Sunday, August 8, 2010

Stop the dance

I thought problem 3.3 would make a good discussions for the blog. The problem states that by altering the temperature, extreme cooling and then slow heating, that the hereditary information of the virus is not lost. This tells us that information is not stored in the form of heat and that the information is not significantly degraded in the temperature range of 0-310 K or in terms of avg. kinetic energy: 3/2Kb T = [0, 6.5 x 10^21 J (6.5 pNnm)].
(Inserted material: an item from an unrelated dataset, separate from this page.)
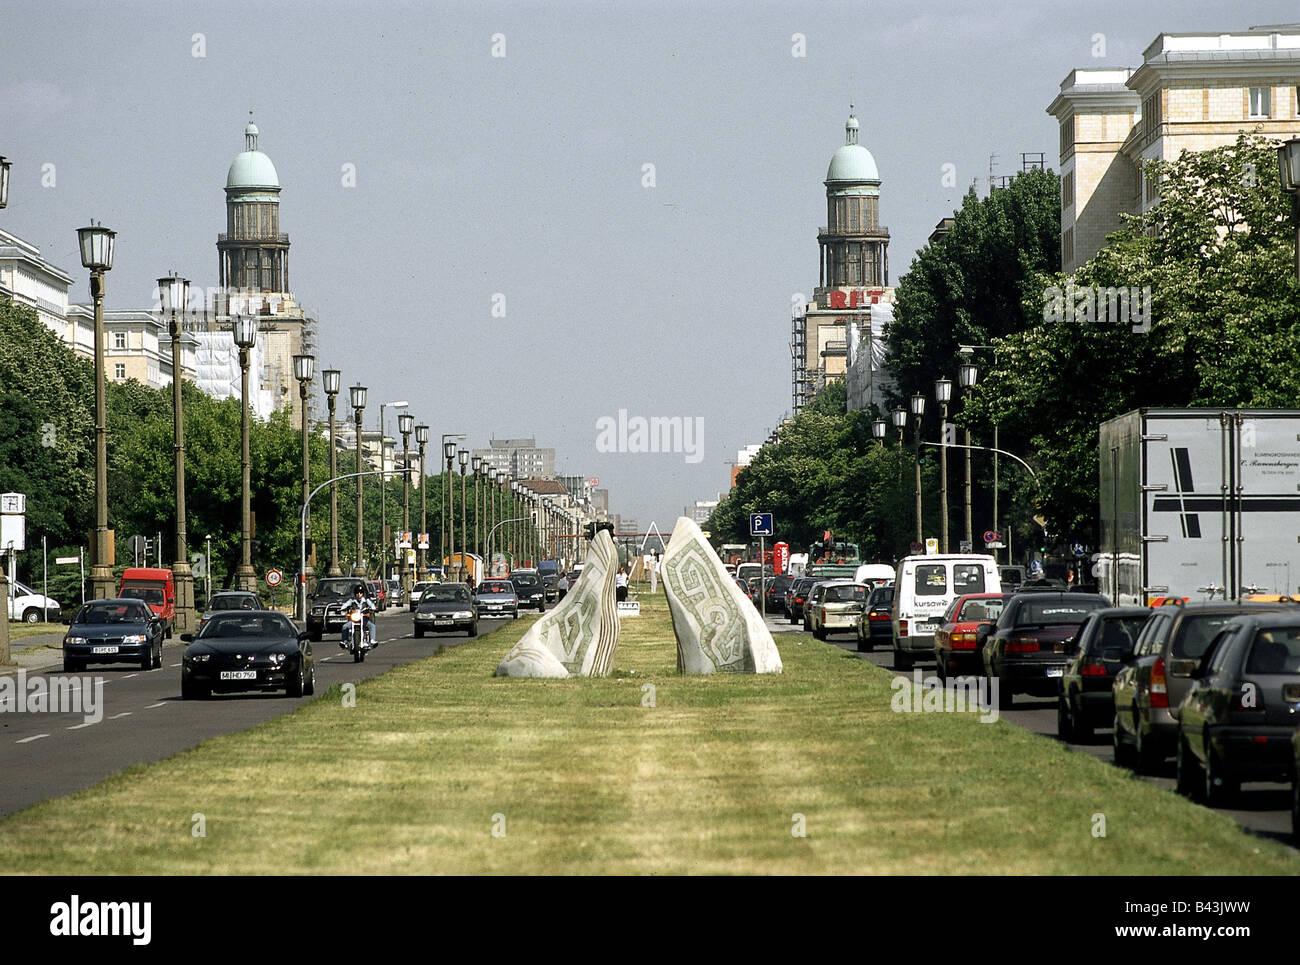 Geographie/Reisen, Deutschland, Berlin, Straßenszenen, Karl-marx-Allee, Allee, Straße, Additional-Rights - Clearance Stockfoto
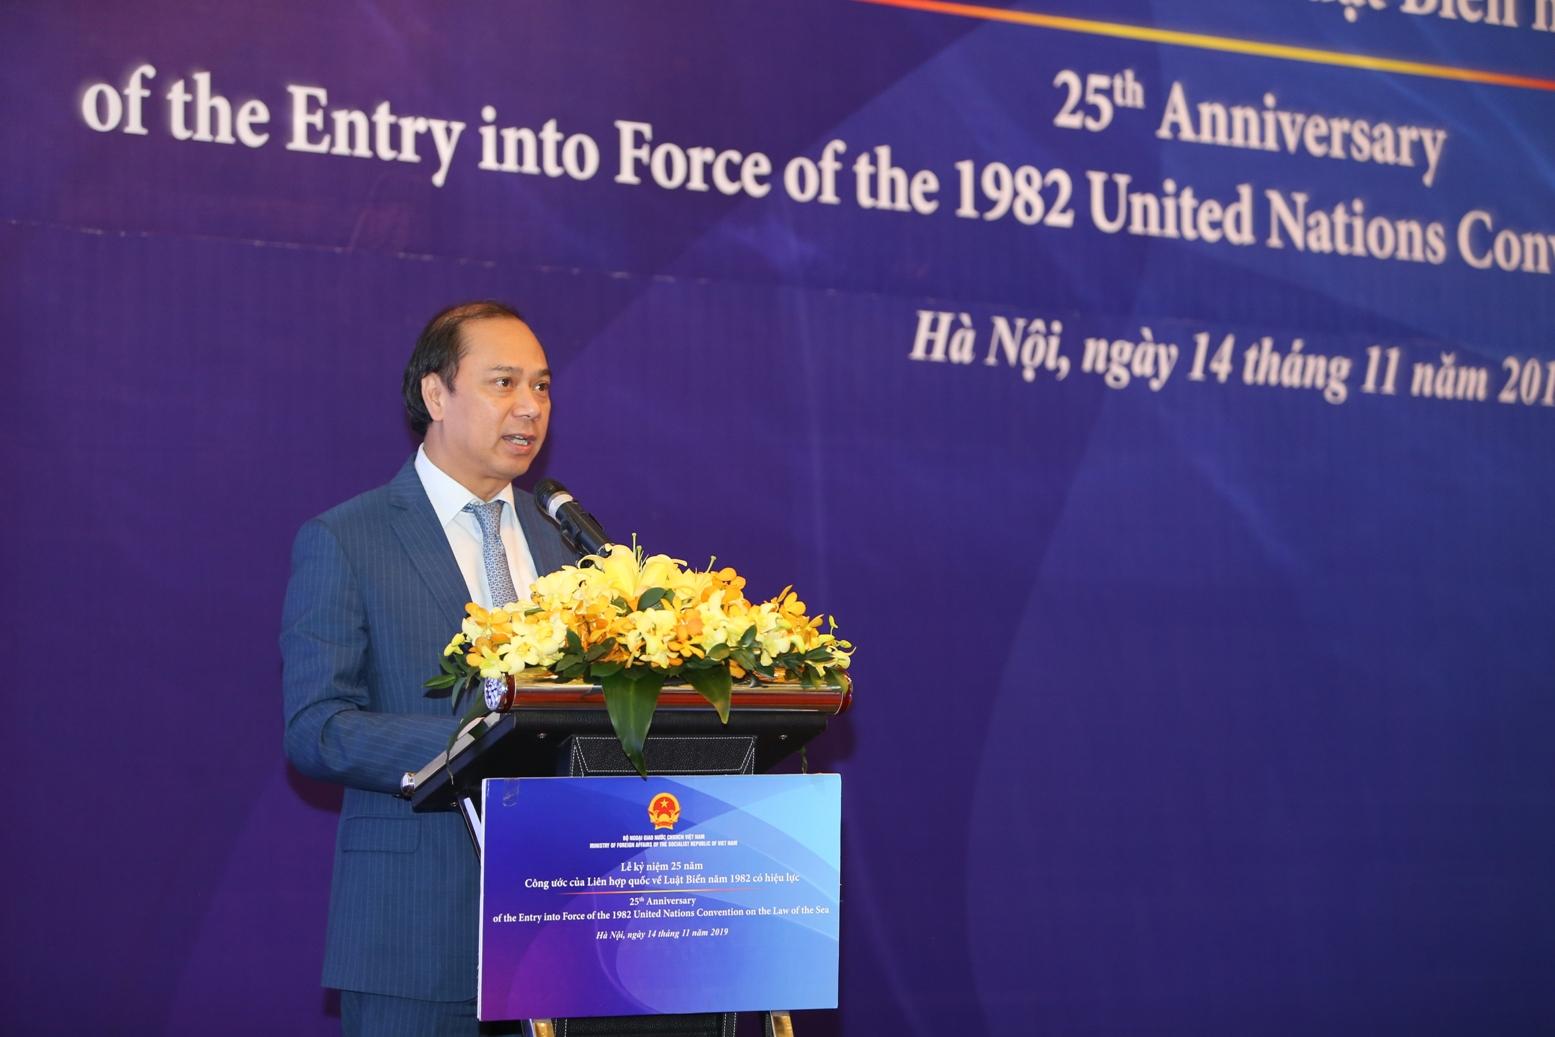 Việt Nam đề cao tôn chỉ và mục tiêu của Công ước của Liên hợp quốc về Luật Biển 1982

So for the information to be destroyed the chemical bonds (potential energy) between the nucleotides must be broken down (energy transduction to heat) this would tend to happen with greater probability above 6.5 pNnm. Is there a way you can describe the information content in terms of the potential energy between the nucleotides?


  1. Interesting question. Probably a bit more elaboration is needed.

    Information can be measured by entropy? What are the units of entropy in thermodynamics? What are the units when it is not used in thermodynamics (e.g. in information theory)? How would you use this to gain insight into your question.

  2. Well from the free energy equation TS has units of J meaning that S has units of J.K^-1 this is the same as heat capacity (how to relate heat capacity to number of states that this heat can be distributed in?). I think that in information theory the entropy is measured in bits so number of states. It sounds to me like it is easier to measure it using just ATGC - having four possible states at each position.

    Is knowing the more complicated version similar to the situation we discussed in the last meeting about knowing the state of the gas molecules in the box?